Referring to fig. 18, fig. 18 is a seventh embodiment of a method for manufacturing the screen support structure 100 provided in the present application, for manufacturing the screen support structure 100 shown in fig. 10.

The difference between this embodiment and the embodiment shown in fig. 17 is that the preparation method provided in this embodiment includes:

s17: providing a substrate layer 10, wherein the substrate layer 10 is made of a fiber composite material;

s27: providing a heat conducting layer 20, wherein the heat conducting layer 20 comprises a first heat conducting surface 201 and a second heat conducting surface 202, and a plurality of through holes 24 are formed on the surface of the heat conducting layer 20 at intervals, and the plurality of through holes 24 penetrate through the first heat conducting surface 201 and the second heat conducting surface 202;

S37: providing an electric conduction substrate, depositing the electric conduction substrate on the first heat conduction surface 201, the second heat conduction surface 202 and the inner wall of the through hole 24 to form an electric conduction layer 30, wherein the heat conduction layer 20 and the electric conduction layer 30 together form a heat conduction electric conduction layer;

s47: the second heat conduction surface 202 of the heat conduction and electric conduction layer faces the substrate layer 10 and is fixedly connected with the substrate layer 10 to obtain a third support structure, wherein the third support structure comprises a second sub-bending part;

s57: a plurality of openings 104 are disposed at intervals in the second sub-bending portion, so as to obtain the screen supporting structure 100.

Wherein, S17 is the same as S16, S27 is the same as S26, S47 is the same as S46, and S57 is the same as S56.

S37 includes: the conductive layer 30 is formed by physical vapor deposition on the first conductive surface 201 and the second conductive surface 202 of the conductive layer 20 with the through holes 24. The conductive layer 30 is partially disposed on the first heat conductive surface 201, partially disposed on the second heat conductive surface 202, and partially disposed within the via 24.

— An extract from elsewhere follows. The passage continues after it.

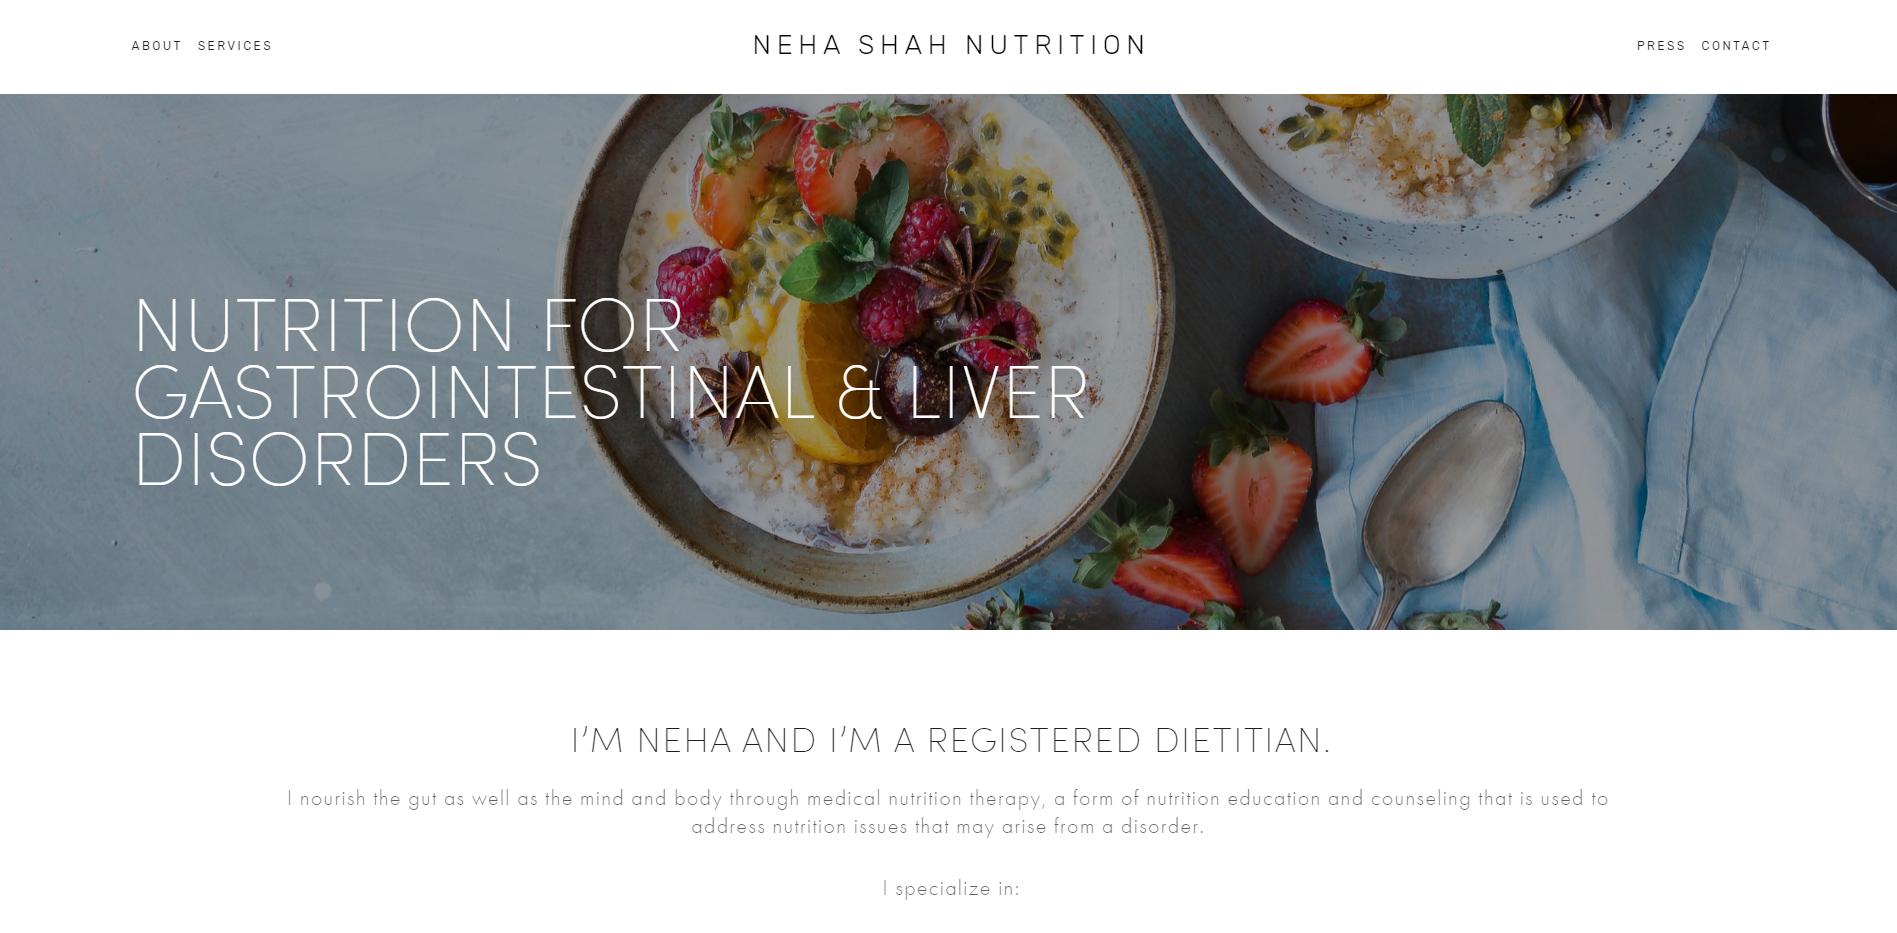 Neha Shah Nutrition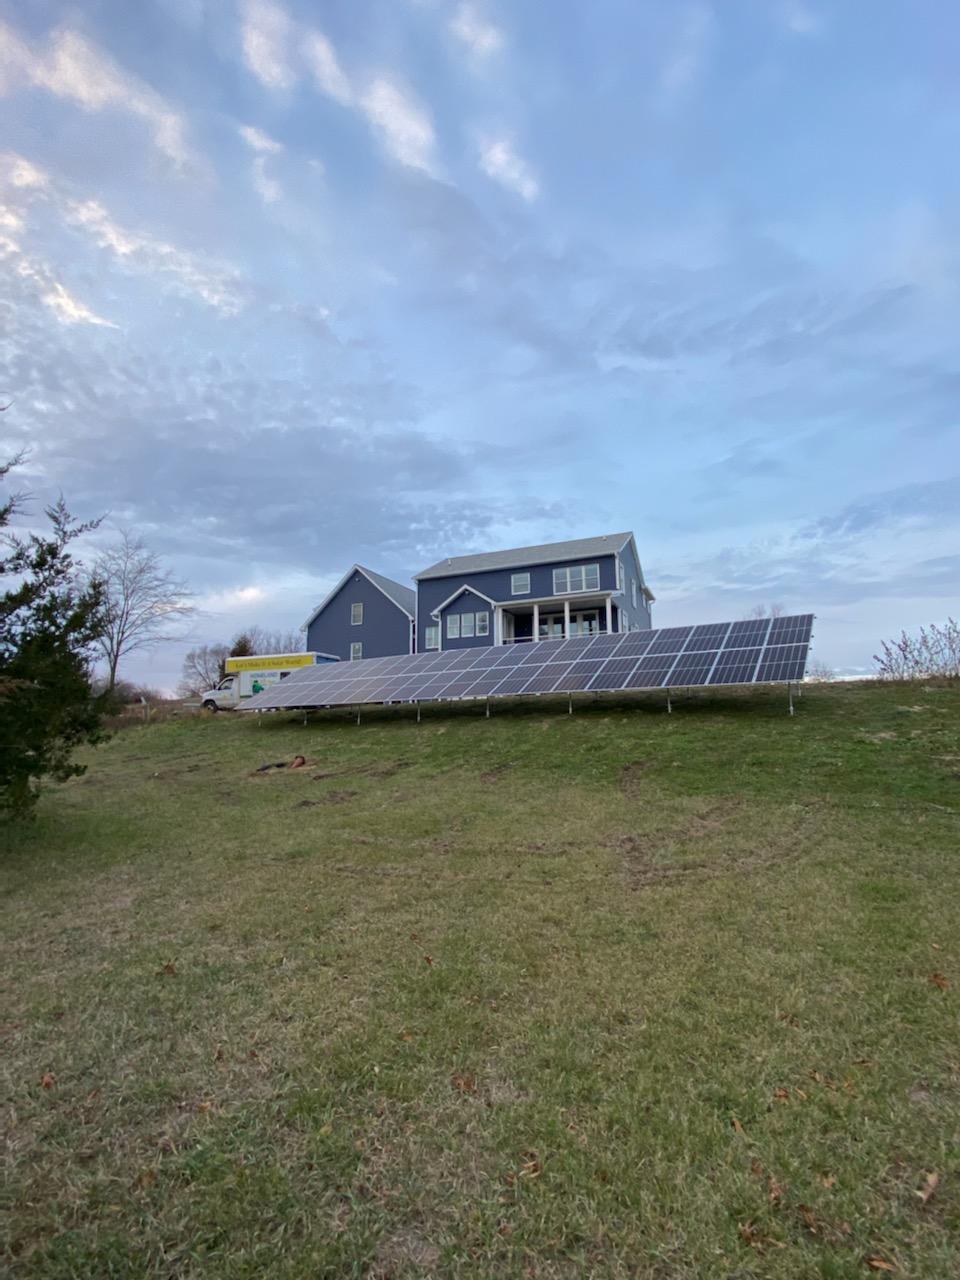 Residential Ground Mount of Solar Panels

In this embodiment, the through holes 24 are formed in the heat conducting layer 20, and the conductive layers 30 are deposited on the opposite surfaces of the heat conducting layer 20, and the conductive layers 30 penetrate through the through holes 24 of the heat conducting layer 20, so that the stability of the connection between the conductive layers 30 and the heat conducting layer 20 can be further improved. In addition, the conductive layer 30 plays a role of penetrating riveting the heat conductive layer 20, and can further improve the stability of the internal structure of the heat conductive layer 20. When the heat conductive layer 20 is a graphene film, the conductive layer 30 can enhance the interlayer strength of graphene, and avoid delamination due to insufficient interlayer strength.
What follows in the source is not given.